▸ SUPPLIED MATERIAL:

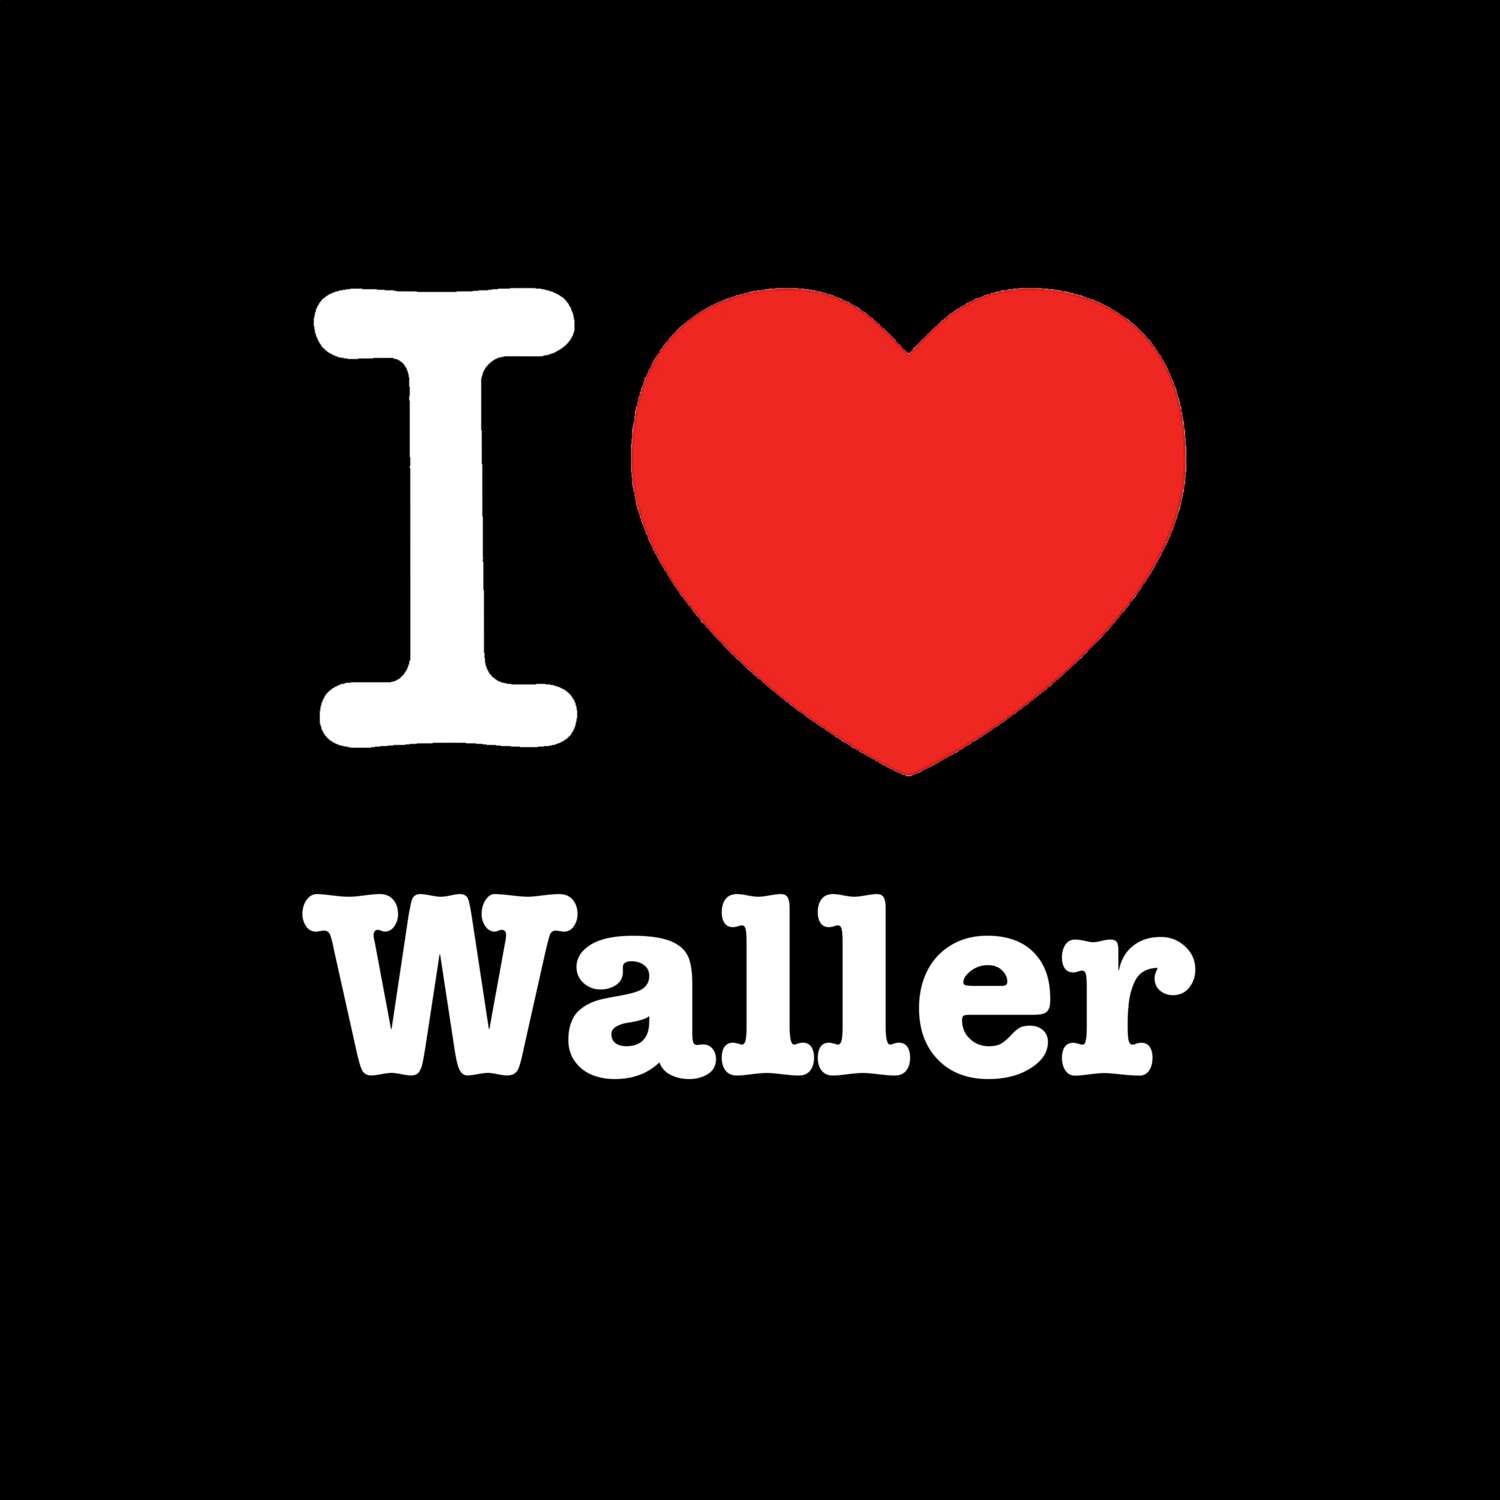 Waller T-Shirt »I love«
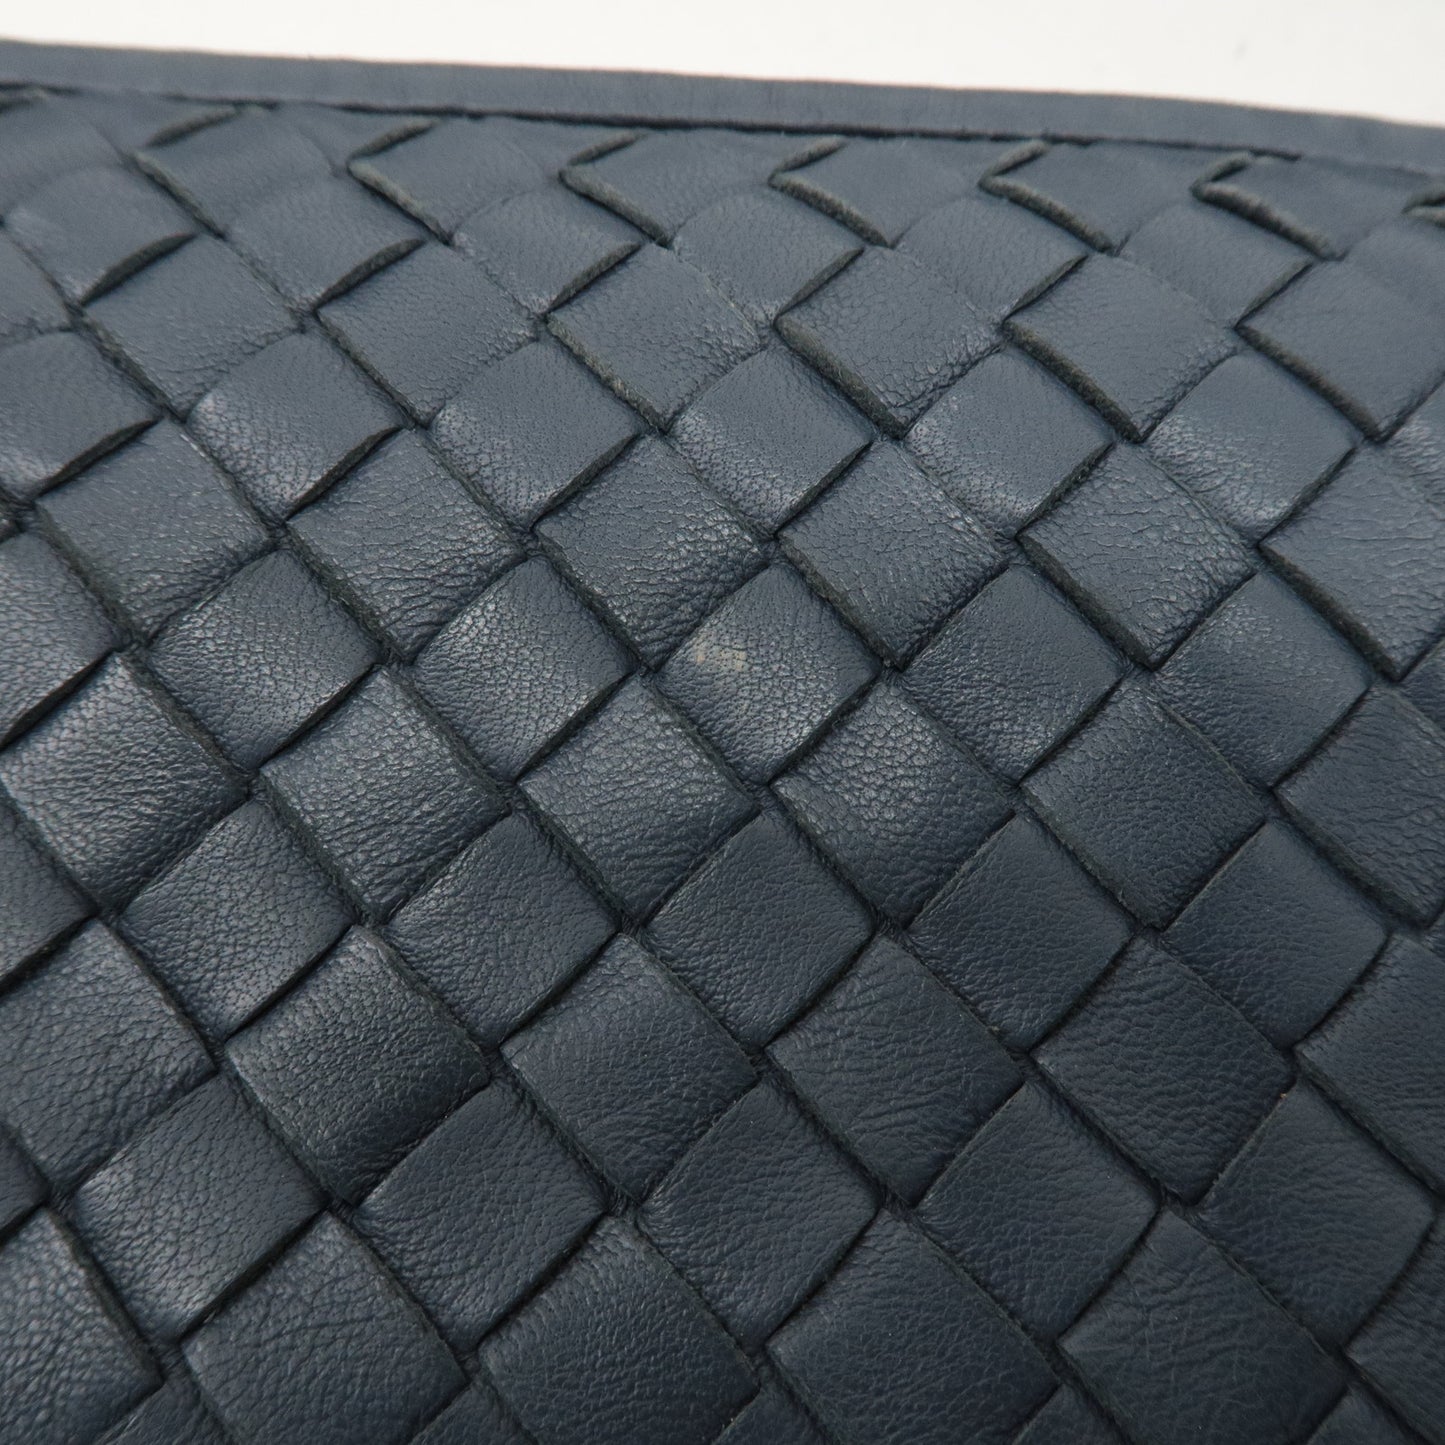 BOTTEGA VENETA Hobo Intrecciato Leather Shoulder Bag 115653
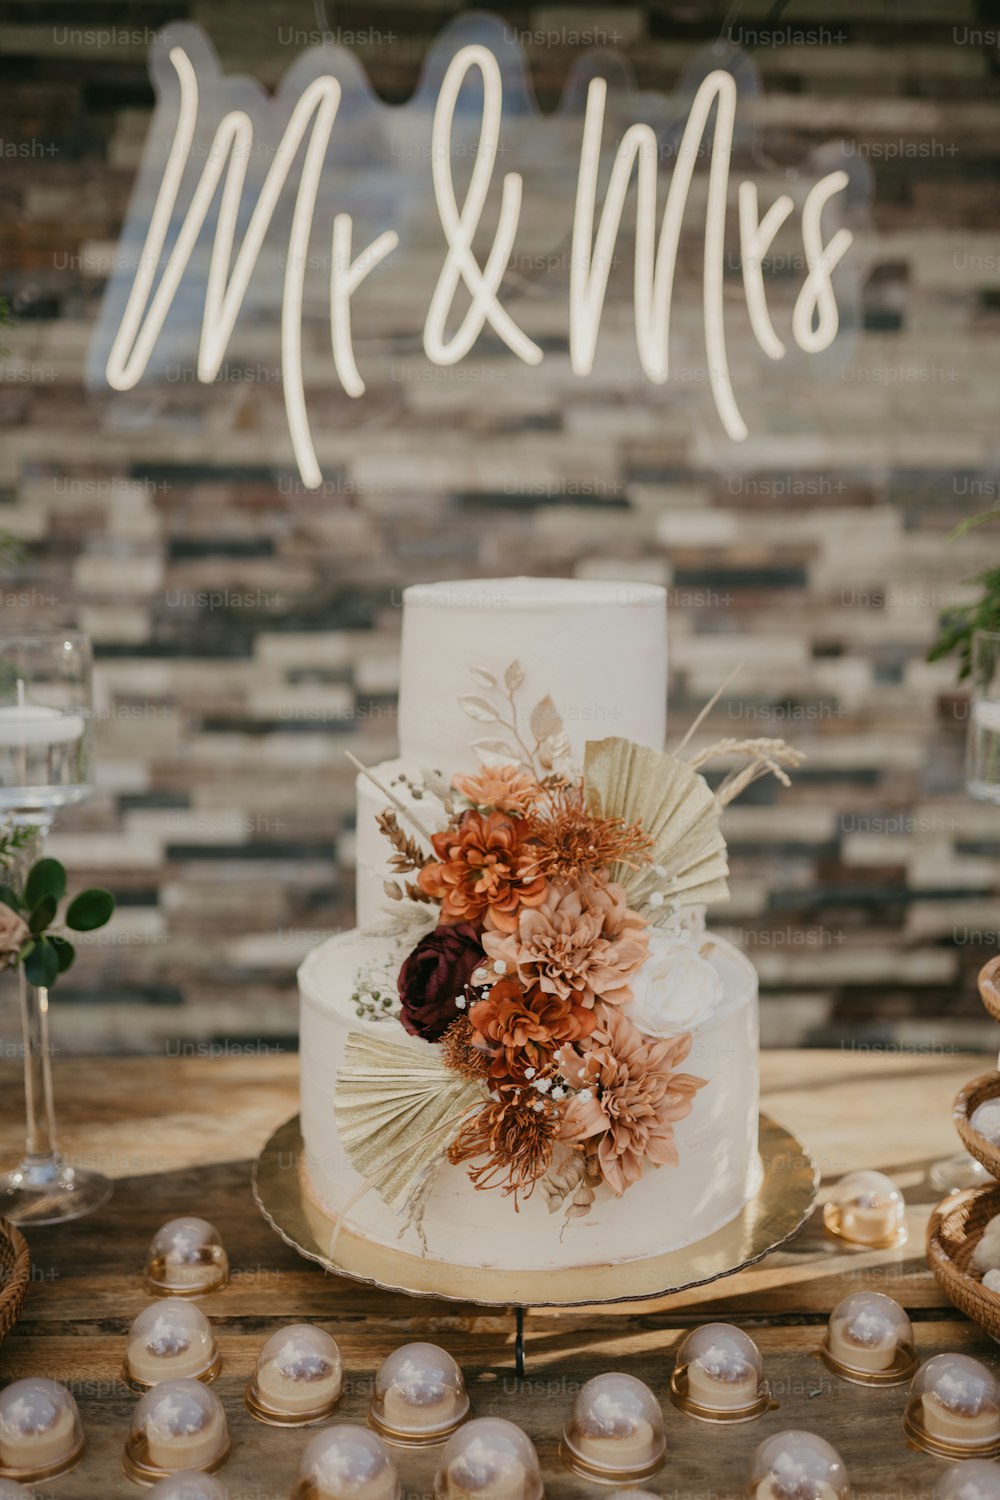 Eine Hochzeitstorte mit Blumen auf einem Tisch

▸ ASSIGNED TASK:
Without the pictures, transcribe exactly the lines above from the one containing "BOTTEGA VENETA Hobo" through the last.

▸ WRITTEN RESPONSE:
 BOTTEGA VENETA Hobo Intrecciato Leather Shoulder Bag 115653
 Eine Hochzeitstorte mit Blumen auf einem Tisch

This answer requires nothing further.